Вера Павловна вышла на площадку, приподнялась на носки и посмотрела вверх. Свет горел ровно, без дрожи. В стекле отражалось узкое лестничное окно, а за окном виднелся мартовский двор, ещё серый, но уже с водой у бордюров.
Снизу послышалось тяжёлое сопение и скрип пакета.
Нина Семёновна, старшая по подъезду, поднималась с магазина.
— Опять жжёте, Вера Павловна? — сказала она не зло, но громко, как человек, который считает, что в доме есть вещи поважнее чужих чувств. — У нас и так в квитанциях свет как в театре.
Вера Павловна не обернулась.
— Это одна лампа.
— Одна лампа каждую ночь — это уже не одна, — назидательно сказала Нина Семёновна. — Я на собрании сказала: поставят датчики, и порядок будет. А то у нас тут не санаторий.
— И не кладбище, — тихо ответила Вера Павловна.

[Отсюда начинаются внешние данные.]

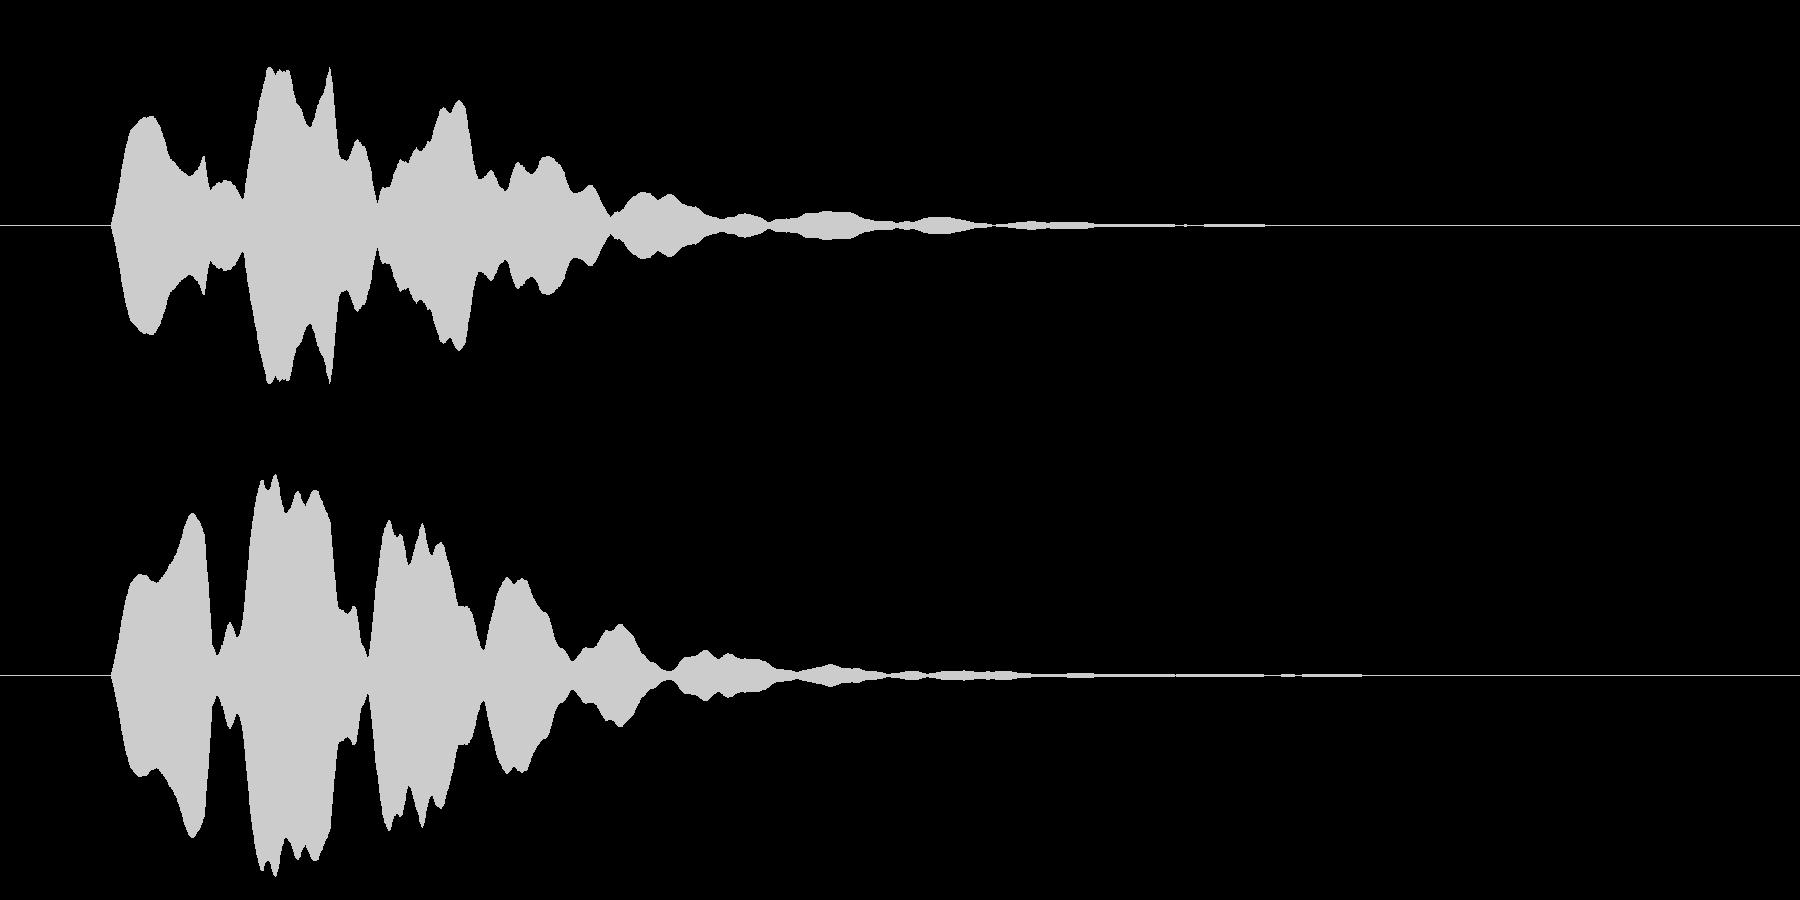 改札 ビープ音01-14(音色2 遠)の未再生の波形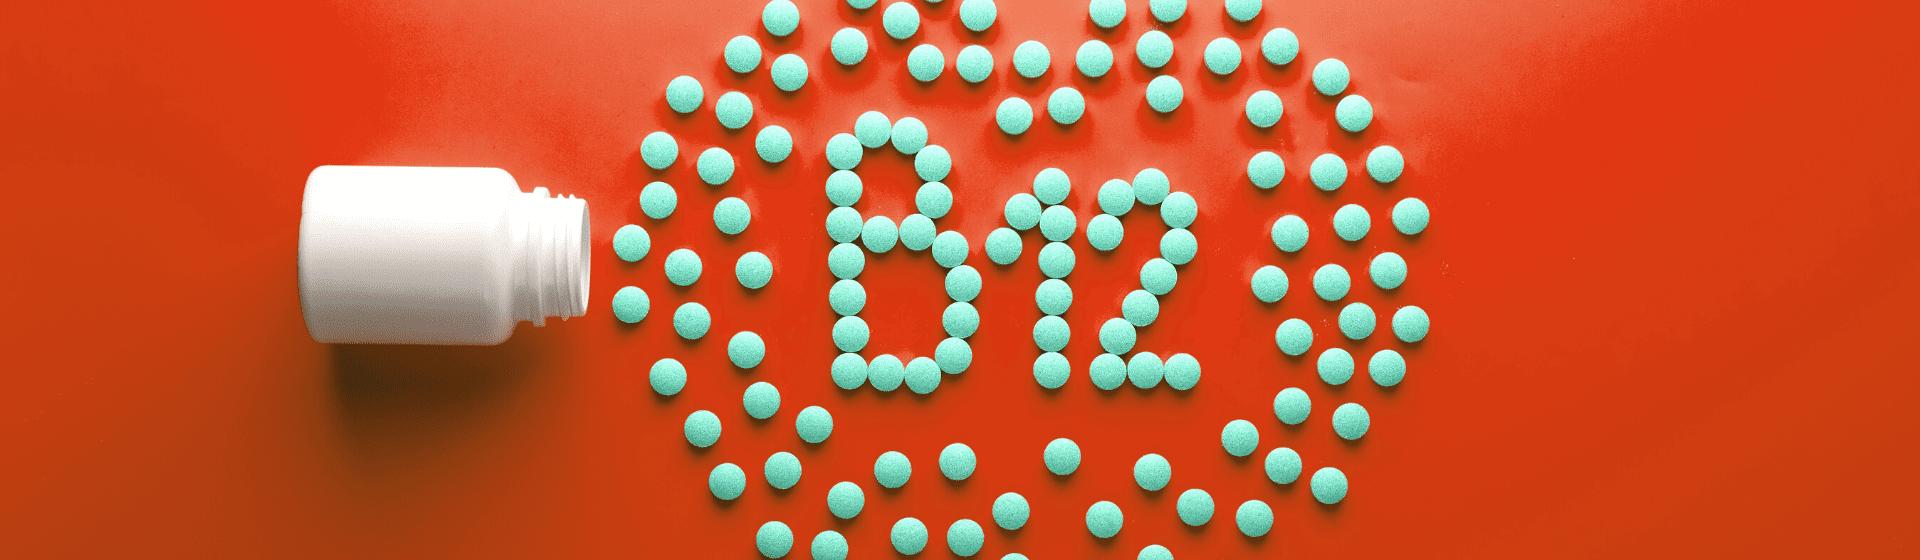 Melhor vitamina B12 de 2021: 7 opções para comprar

Нина Семёновна сделала вид, что не расслышала. Прошла мимо, пахнув морозом с улицы и мандаринами из сумки. На площадке на секунду стало тесно: от её пакетов, от её живого дыхания, от того, как уверенно она нажимала на ступени. Вера Павловна подождала, пока дверь наверху хлопнет, и ещё раз взглянула на лампу.
Потом вернулась в квартиру.
У неё была двухкомнатная квартира с длинным коридором, низкими антресолями и старой полированной стенкой, которая в молодости казалась нарядной, а теперь блестела как чужой зуб. На вешалке висел её серый кардиган, рядом — тёмная куртка, которую никто не надевал четырнадцать лет, но и убрать которую она не могла. Под зеркалом на гвоздике висел ключ на красном шнурке. Шнурок когда-то был от спортивной обуви, Илья сам продел его в ключевую головку, чтобы не терять.
Вера Павловна всё ещё иногда ловила себя на том, что перед сном смотрит, на месте ли этот ключ.
Будто он мог уйти.
Она поставила чайник на маленький огонь, открыла буфет, достала чашку с тонкой золотой полосой по краю. На кухне пахло сухой мятой, старым деревом и чистой плитой. Жизнь в таких квартирах держится на запахах не меньше, чем на стенах. Если однажды они исчезают, комнаты начинают пустеть быстрее, чем человек успевает это заметить.
Пока закипала вода, Вера Павловна села к столу и развернула объявление, которое днём бросили в ящик.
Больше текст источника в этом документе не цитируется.